Another code generation problem lay in consume-line-chars. Access to a native lexical can be compiled in two ways: either just by reading the value (fine if it’s only used as an r-value) or by taking a reference to it (which is correct if it will be used as an l-value). Taking a reference is decidedly costly compare to just reading the value. However, it’s always going to always have the correct behavior, so it’s the default. We optimize doing so away whenever we can (in fact, all the most common l-value usages of it never need a reference either).
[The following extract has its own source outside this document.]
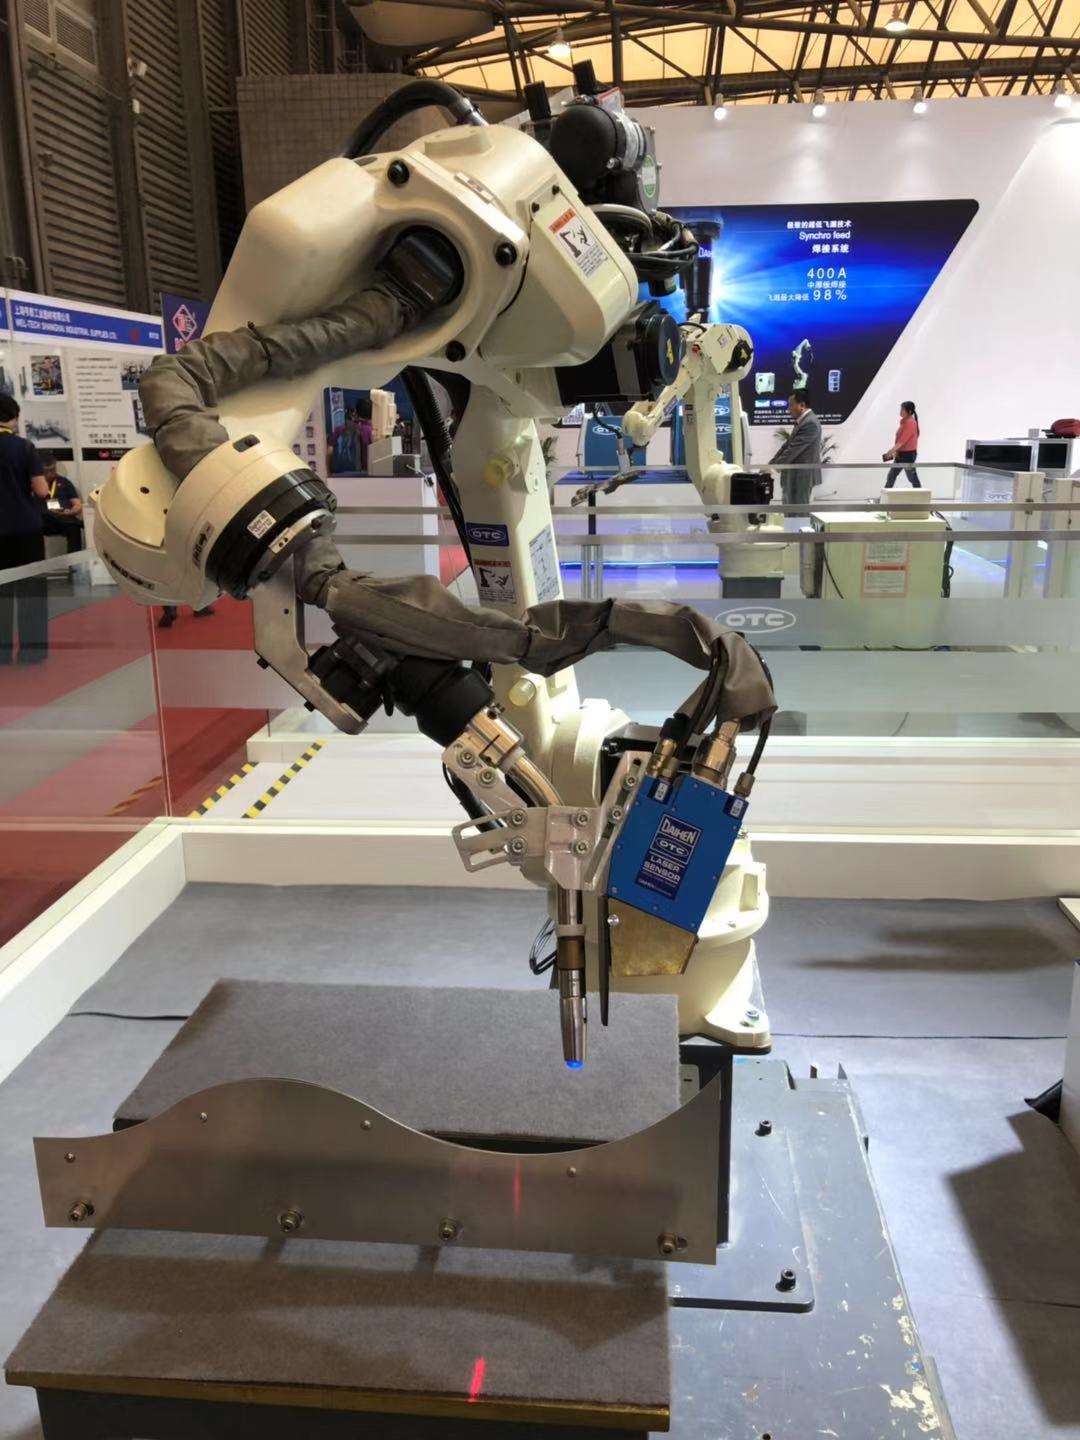 OTC焊接机器人

Looking at consume-line-chars again:

method consume-line-chars(Bool:D :$chomp = False, Bool:D :$eof = False --> Str) {
    my str $line = nqp::decodertakeline(self, $chomp, $eof);
    nqp::isnull_s($line) ?? Str !! $line
}

We can see the read of $line here is, since consume-line-chars is not marked is rw, an r-value. Unfortunately, it was compiled as an l-value because the conditional compilation lost that context information. So, I addressed that and taught Rakudo to pass along return value’s r-value context.

A native reference means an allocation, and this change cut the number of GC runs enormously, from 182 or them to 41 of them. That sounds like it should make a sensational difference. In fact, it got things down to 2.45s, a drop of just 5%. Takeaway lesson: allocating less stuff is good, but MoarVM’s GC is also pretty good at throwing away short-lived things.

Meanwhile, back in the specializer…

With the worst issues of the code being fed into MoarVM addressed, it was back to seeing why the specializer wasn’t doing a better job of stripping out type checks. First of all, it turned out that optional named arguments were not properly marking the default code dead when the argument was actually passed.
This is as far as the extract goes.